| TASK STATEMENT |
Give a verbatim copy of the data, leaving the pictures out.

==== DATA TO PROCESS

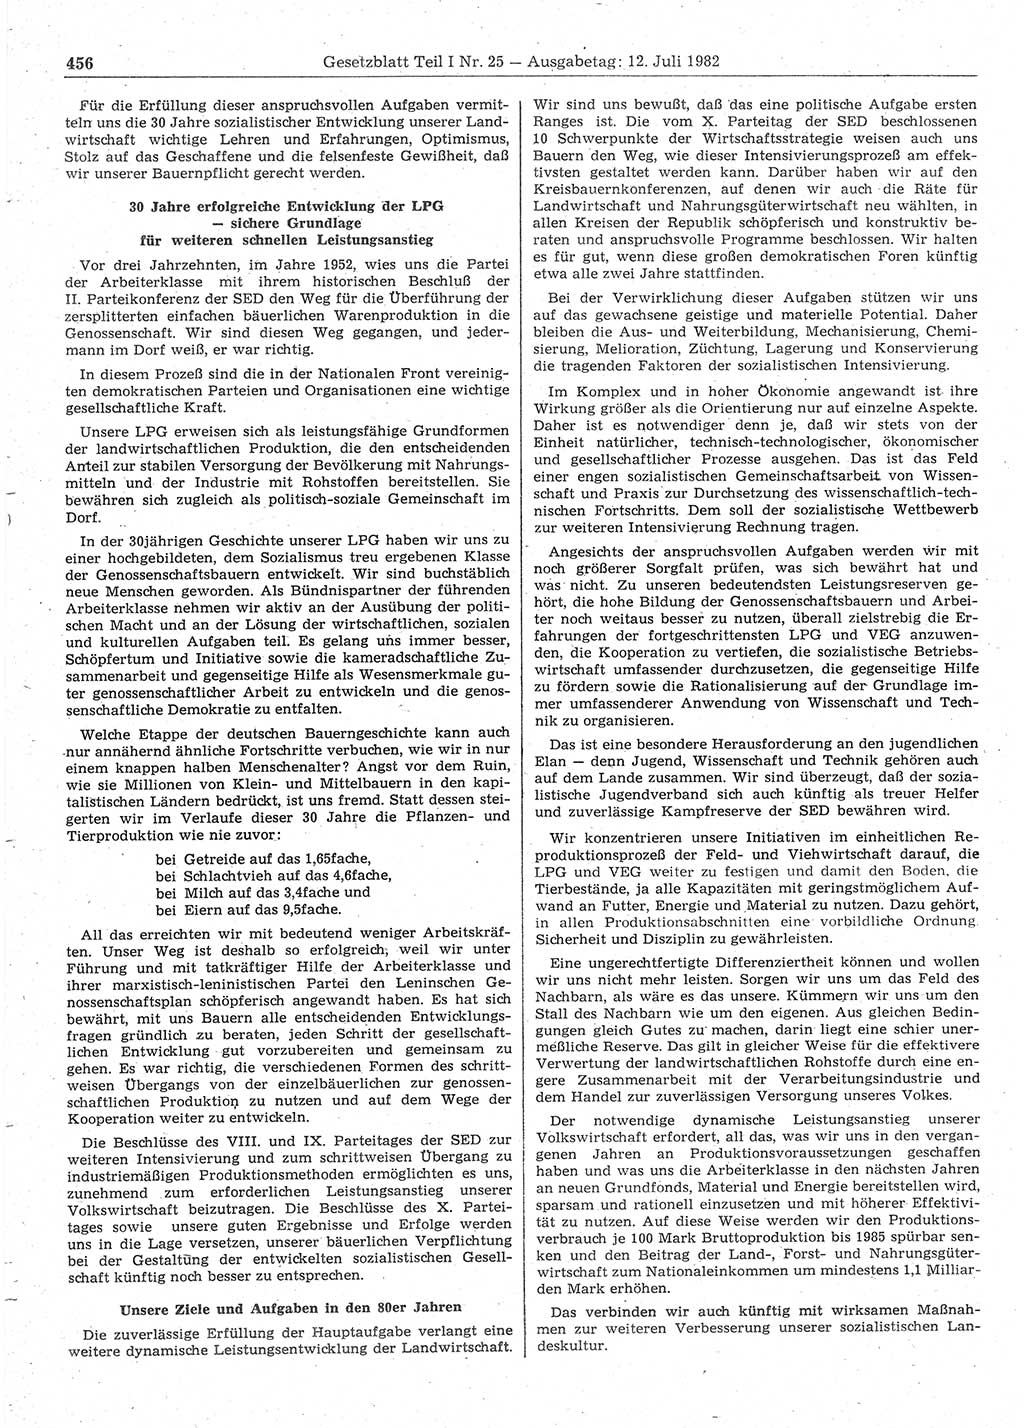 Gesetzblatt (GBl.) der Deutschen Demokratischen Republik (DDR) Teil Ⅰ 1982, Seite 456 (GBl. DDR Ⅰ 1982, S. 456)
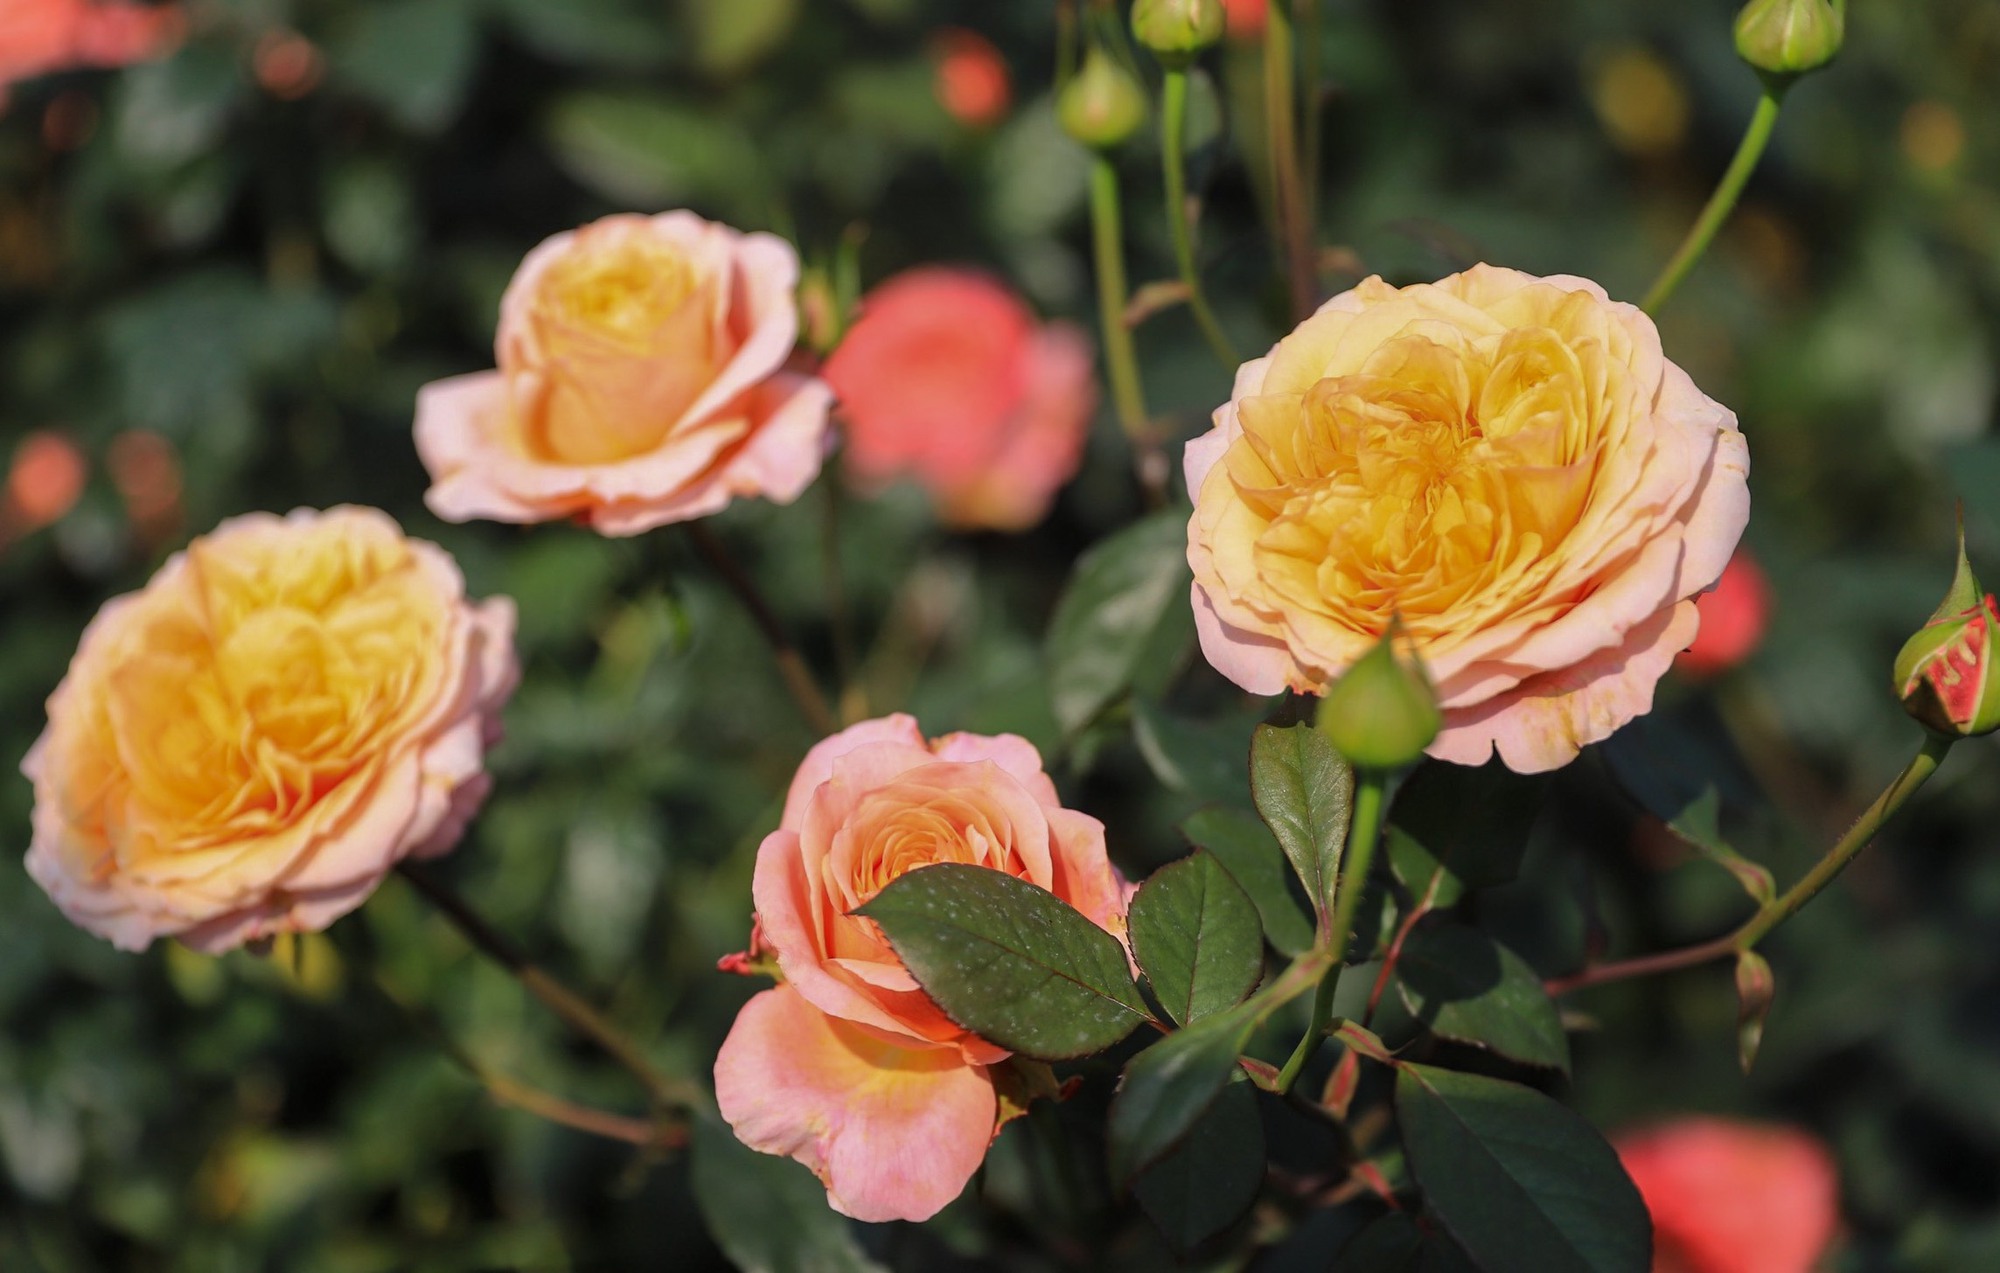 Khám phá vườn hoa hồng rộng 6.000m2 tại Hà Nội - Ảnh 15.
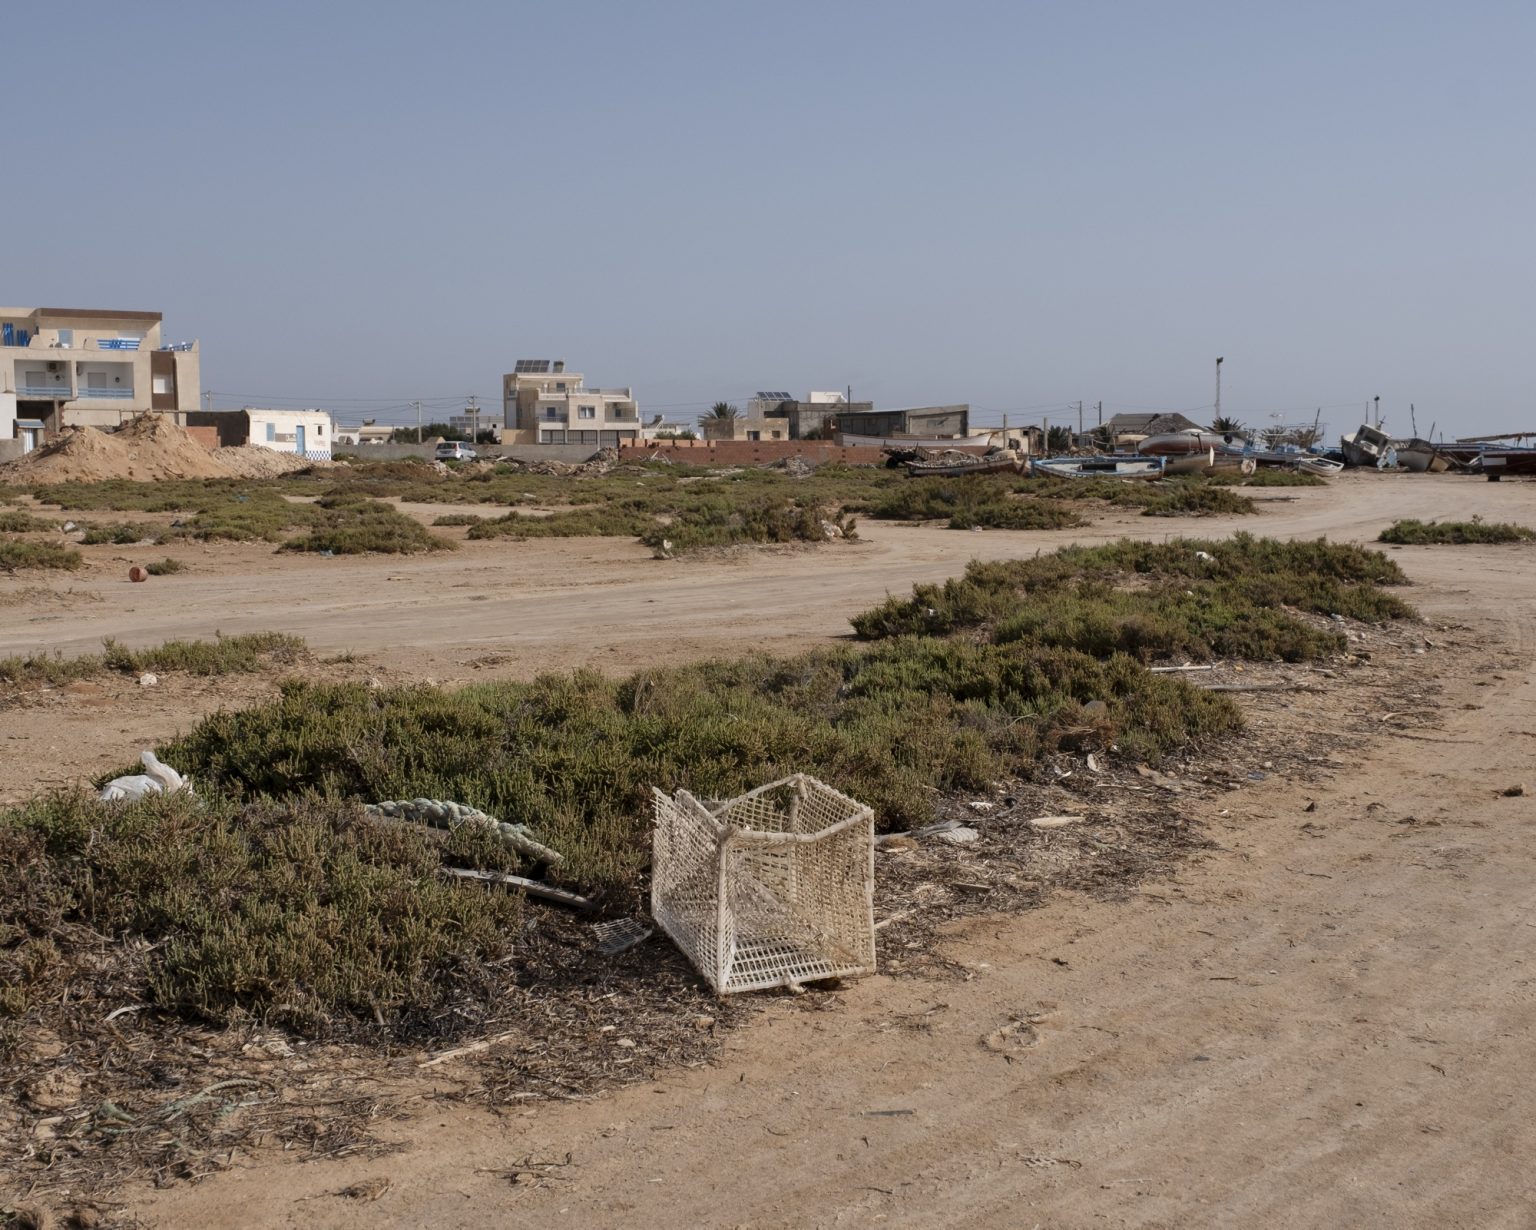 Kerkennah Islands (Tunisia), June 2022 - Plastic waste is a major problem for the island's ecosystem.
><
Isole Kerkennah (Tunisia), giugno 2022 - I rifiuti in plastica rappresentano un grande problema per lecosistema dellisola.
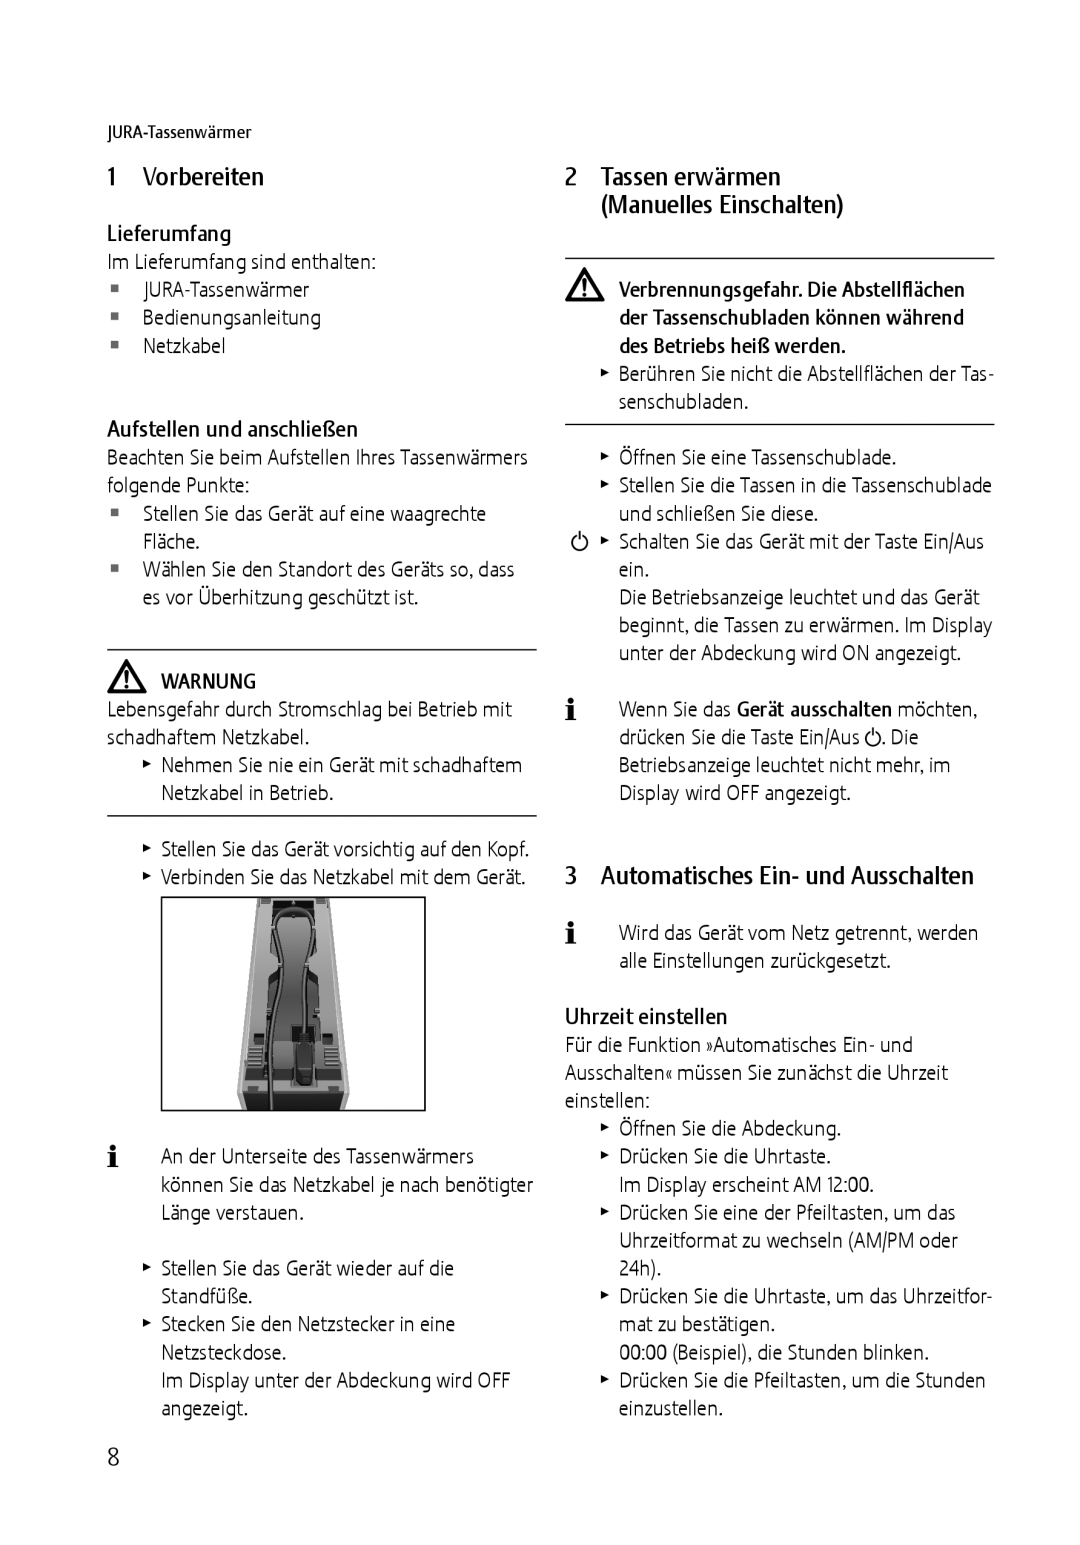 Jura Capresso 571 manual Vorbereiten, Automatisches Ein- und Ausschalten, Lieferumfang, Aufstellen und anschließen

========

| EXERCISE OUTPUT |
 Gesetzblatt (GBl.) der Deutschen Demokratischen Republik (DDR) Teil Ⅰ 1982, Seite 456 (GBl. DDR Ⅰ 1982, S. 456)
 Khám phá vườn hoa hồng rộng 6.000m2 tại Hà Nội - Ảnh 15.
 Kerkennah Islands (Tunisia), June 2022 - Plastic waste is a major problem for the island's ecosystem.
><
Isole Kerkennah (Tunisia), giugno 2022 - I rifiuti in plastica rappresentano un grande problema per lecosistema dellisola.
 Jura Capresso 571 manual Vorbereiten, Automatisches Ein- und Ausschalten, Lieferumfang, Aufstellen und anschließen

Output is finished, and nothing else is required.